◆ Dataset extract
========

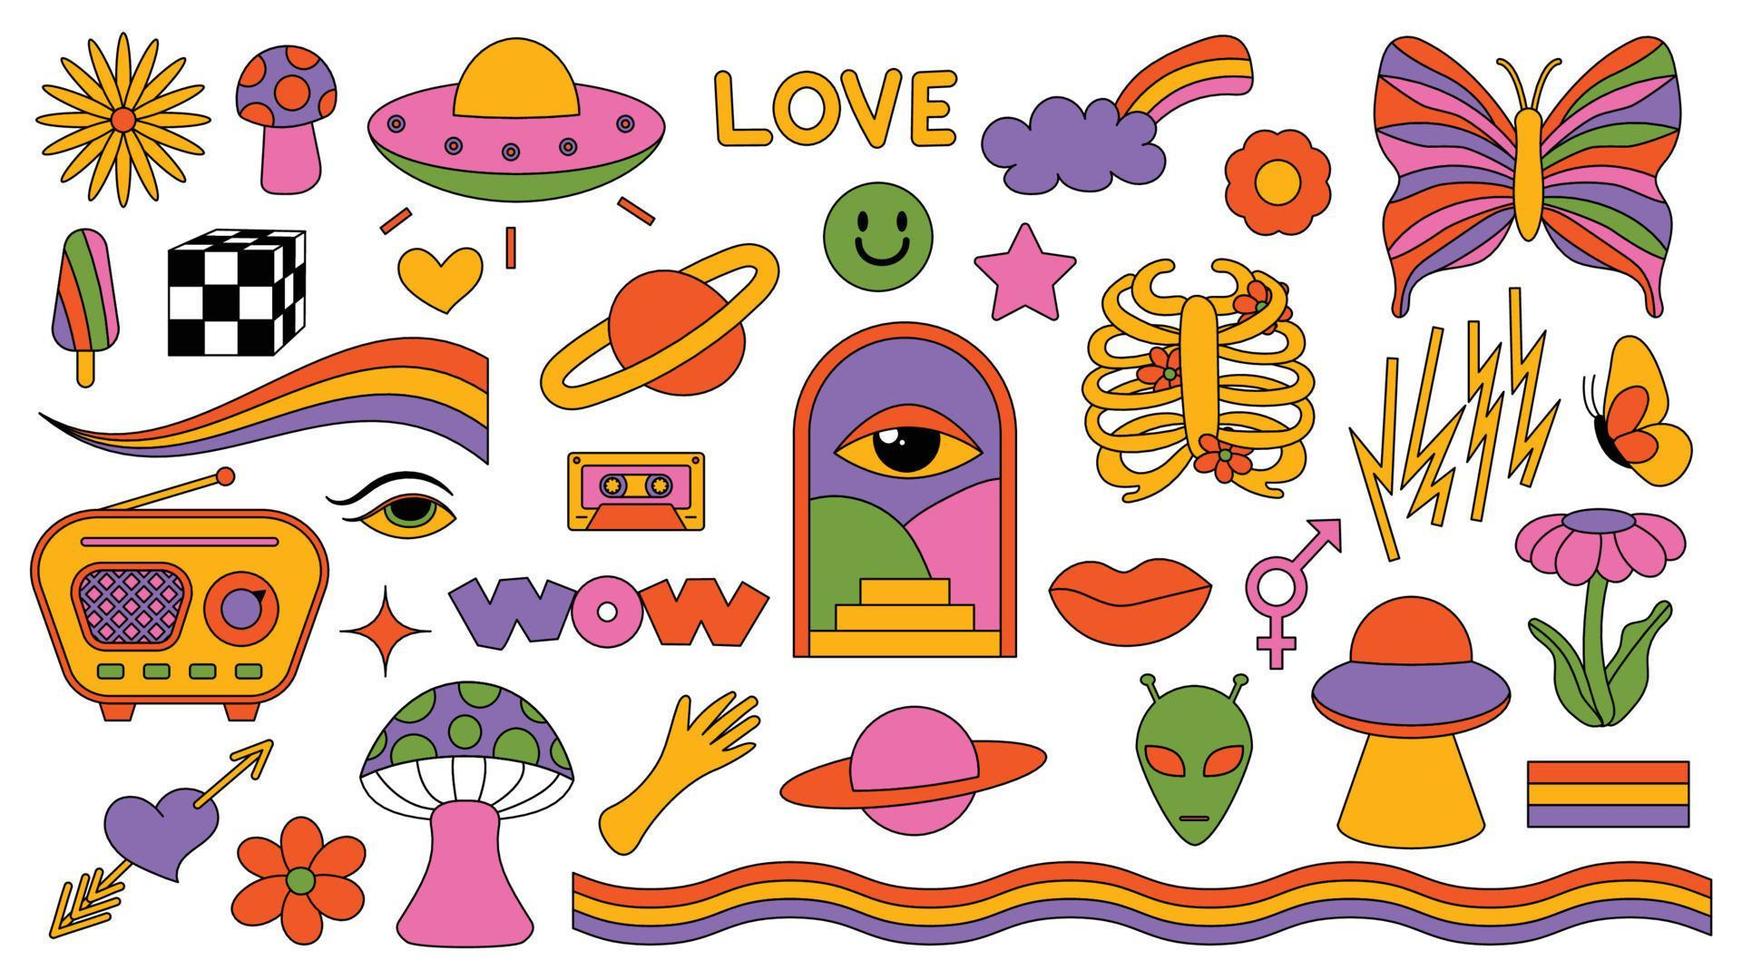 uppsättning hipster retro coola psykedeliska element. samling klistermärken av groovy cliparts från 70-talet 60-talet. collage med trendig popkänsla med läckert designelement. abstrakt bakgrund av tecknad klistermärke vektor
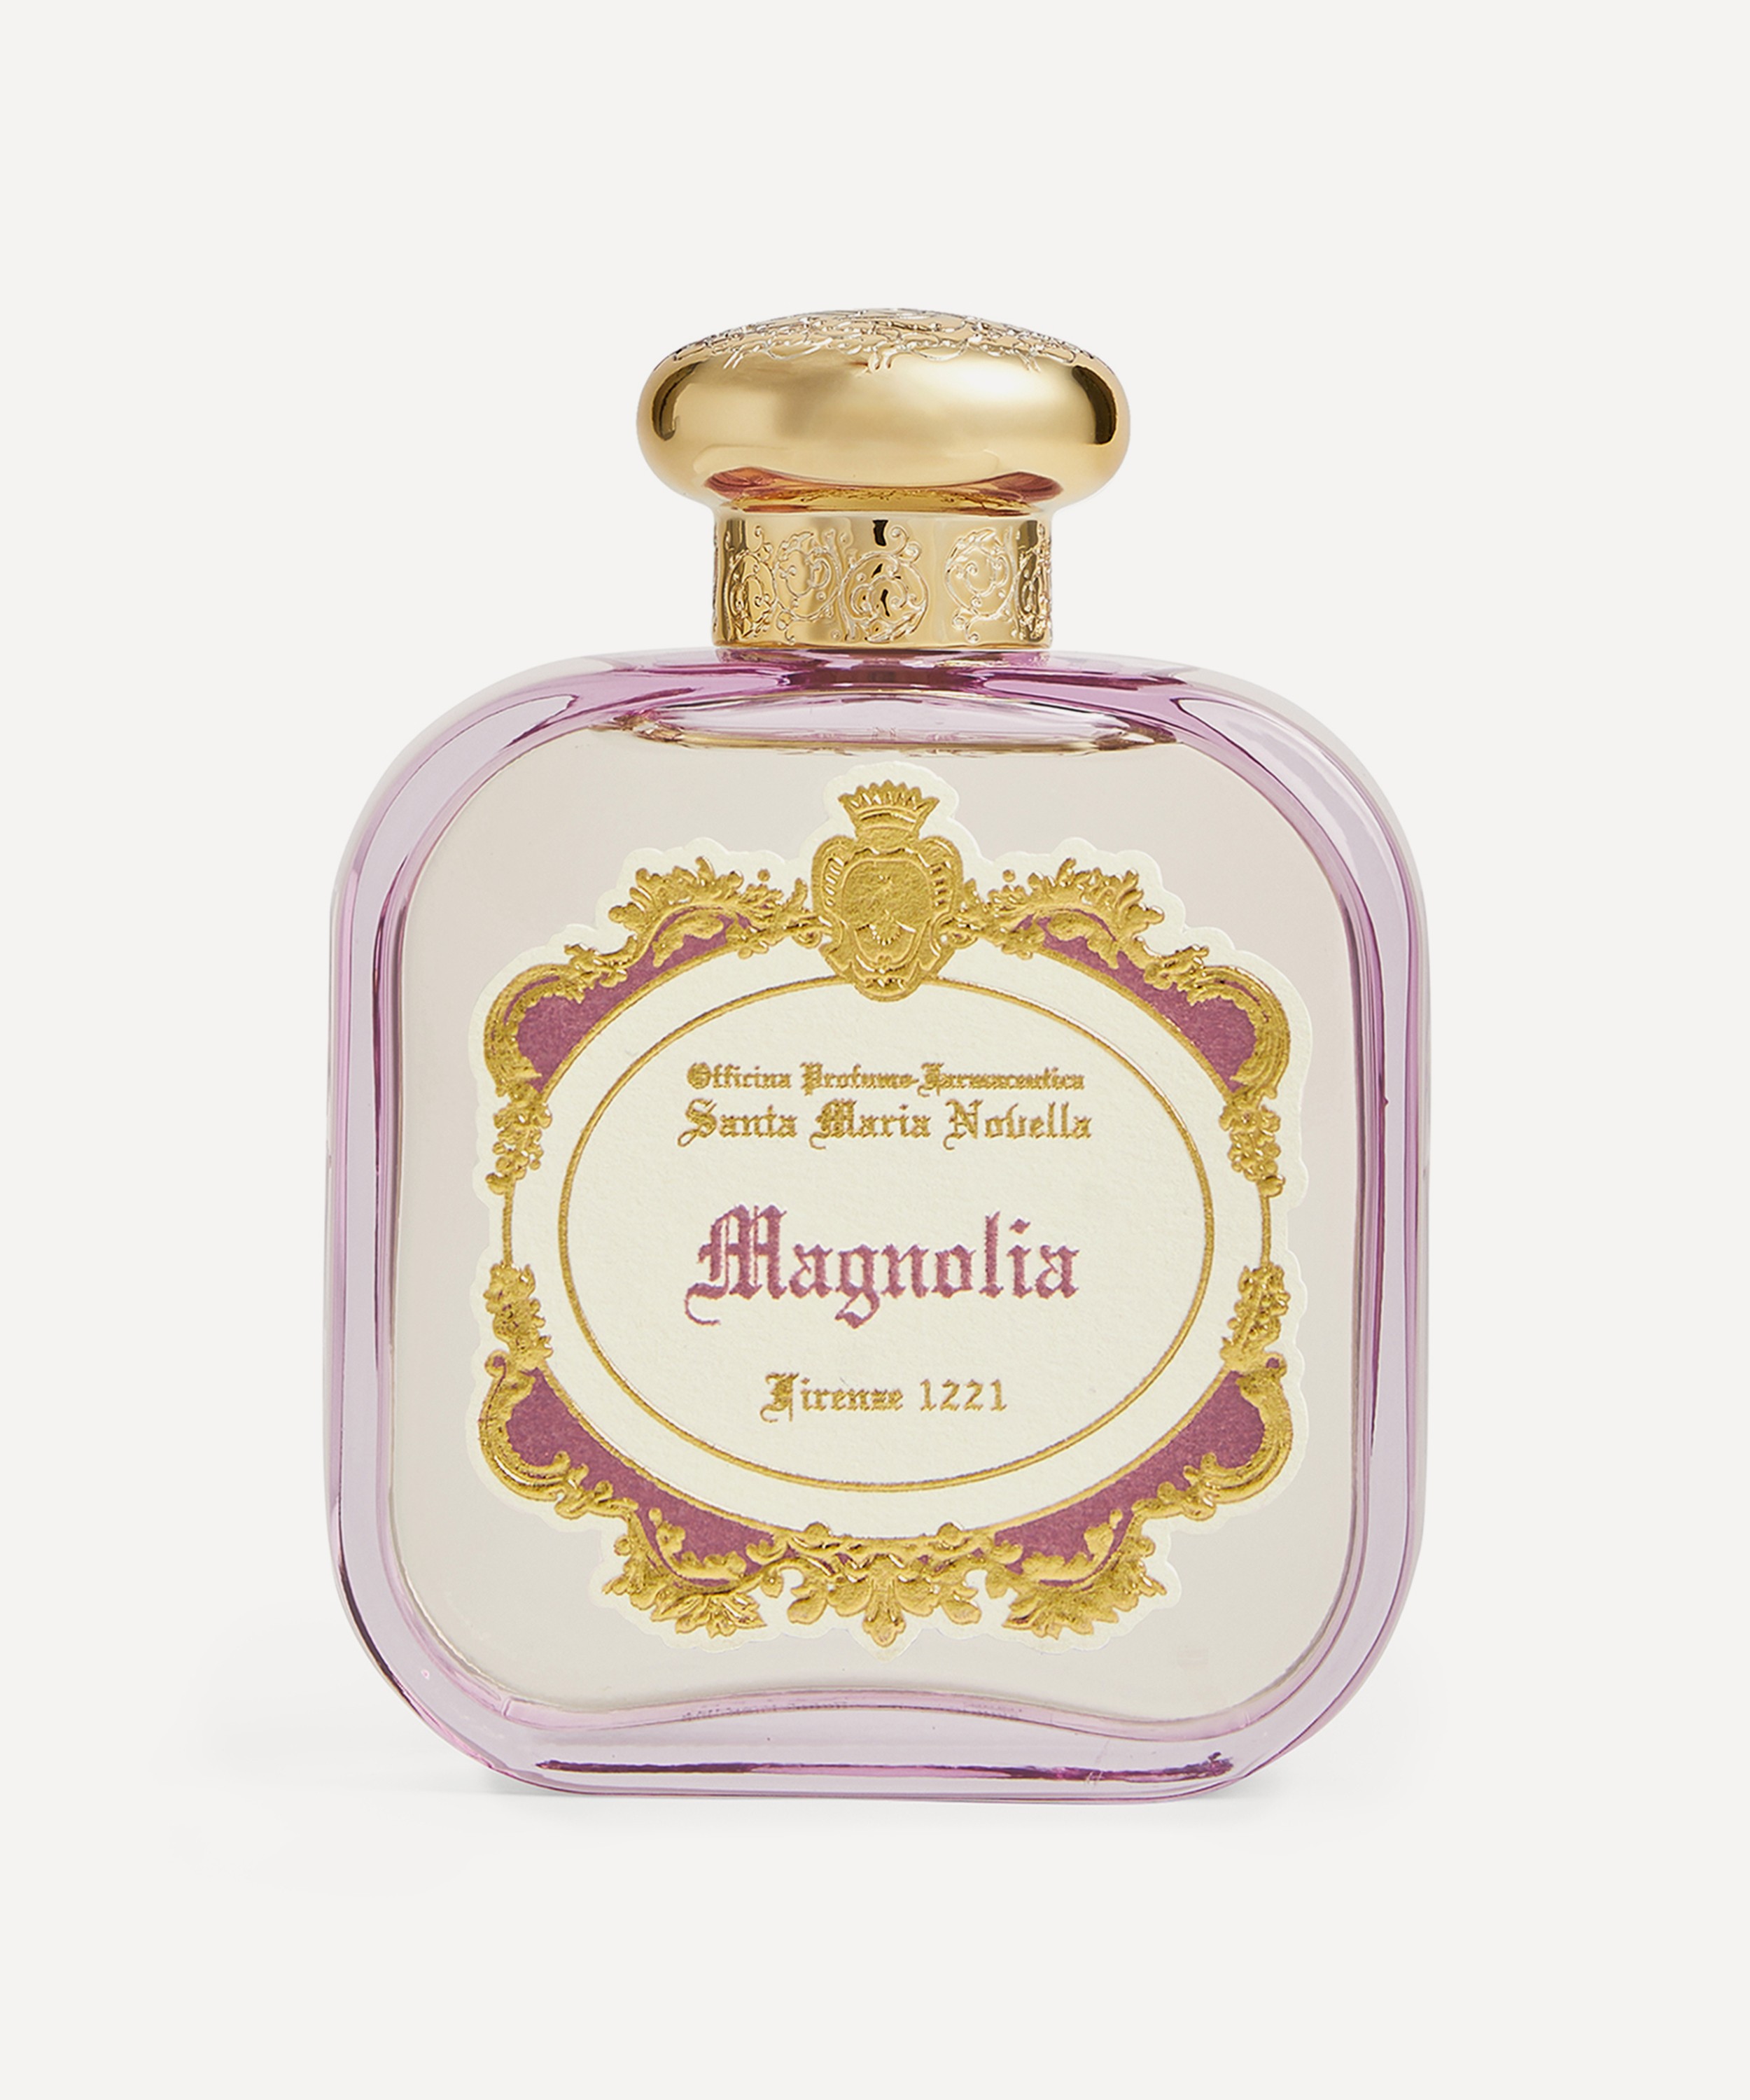 Officina Profumo-Farmaceutica di Santa Maria Novella - Magnolia Eau de Parfum 100ml
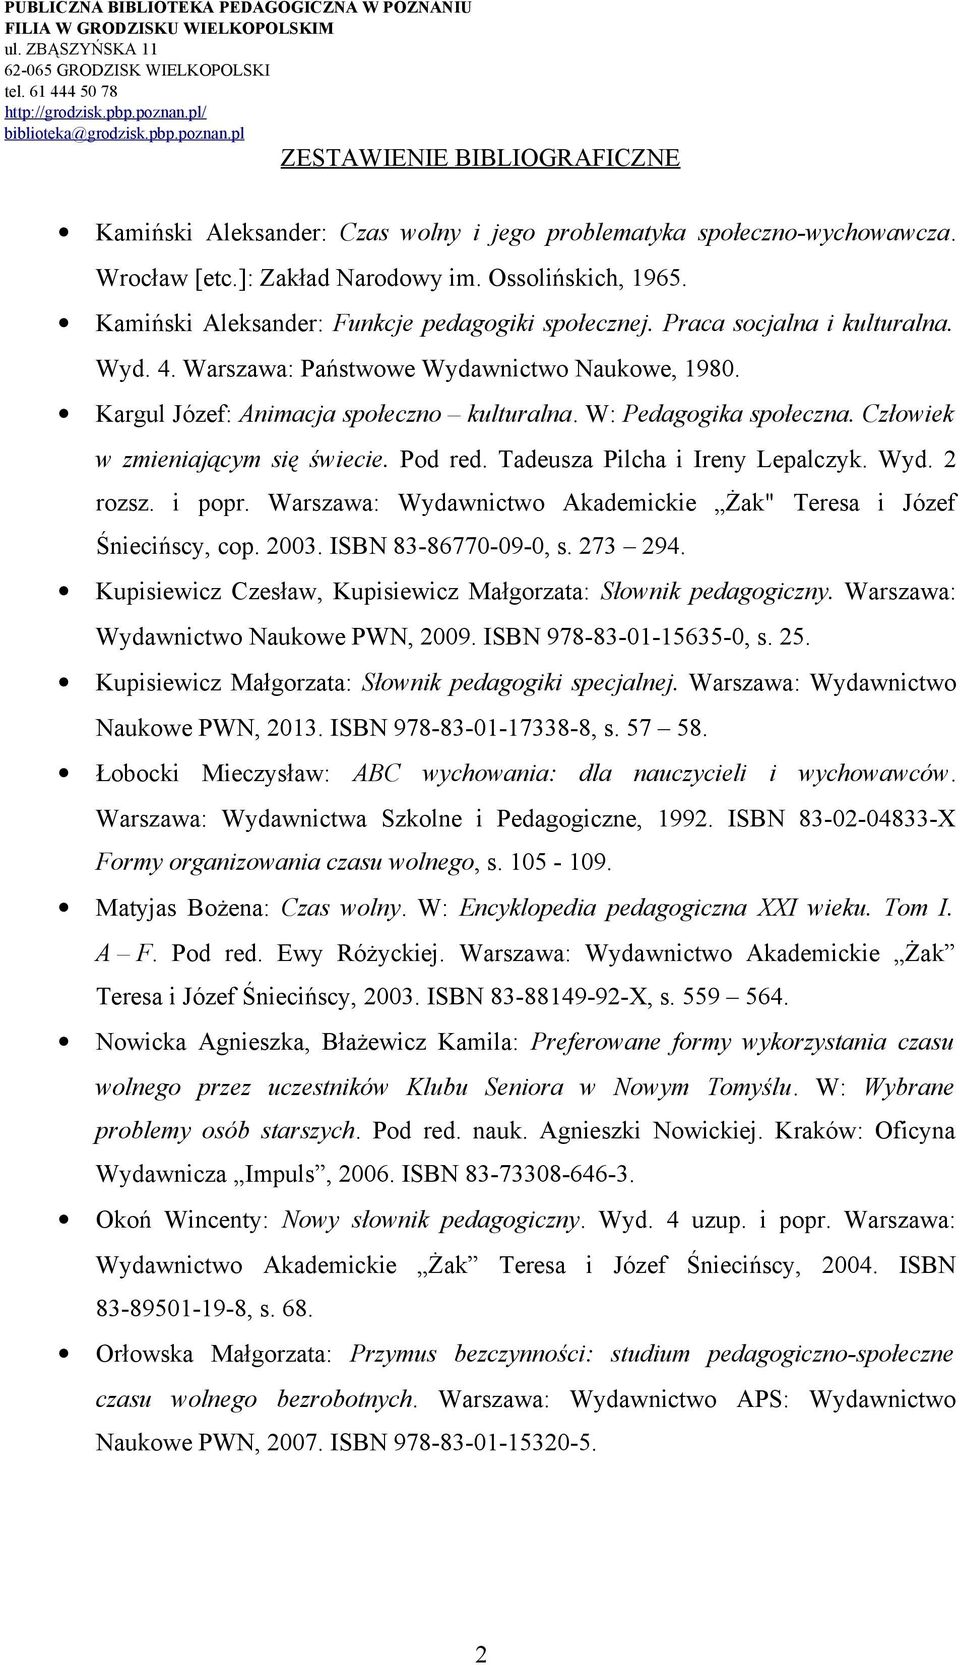 Tadeusza Pilcha i Ireny Lepalczyk. Wyd. 2 rozsz. i popr. Warszawa: Wydawnictwo Akademickie Żak" Teresa i Józef Śniecińscy, cop. 2003. ISBN 83-86770-09-0, s. 273 294.

========

◆ Work instructions
Return the full listing above exactly as written, and omit the pictures.

◆ Solution for this exercise
 uppsättning hipster retro coola psykedeliska element. samling klistermärken av groovy cliparts från 70-talet 60-talet. collage med trendig popkänsla med läckert designelement. abstrakt bakgrund av tecknad klistermärke vektor
 Officina Profumo-Farmaceutica di Santa Maria Novella - Magnolia Eau de Parfum 100ml
 Tadeusza Pilcha i Ireny Lepalczyk. Wyd. 2 rozsz. i popr. Warszawa: Wydawnictwo Akademickie Żak" Teresa i Józef Śniecińscy, cop. 2003. ISBN 83-86770-09-0, s. 273 294.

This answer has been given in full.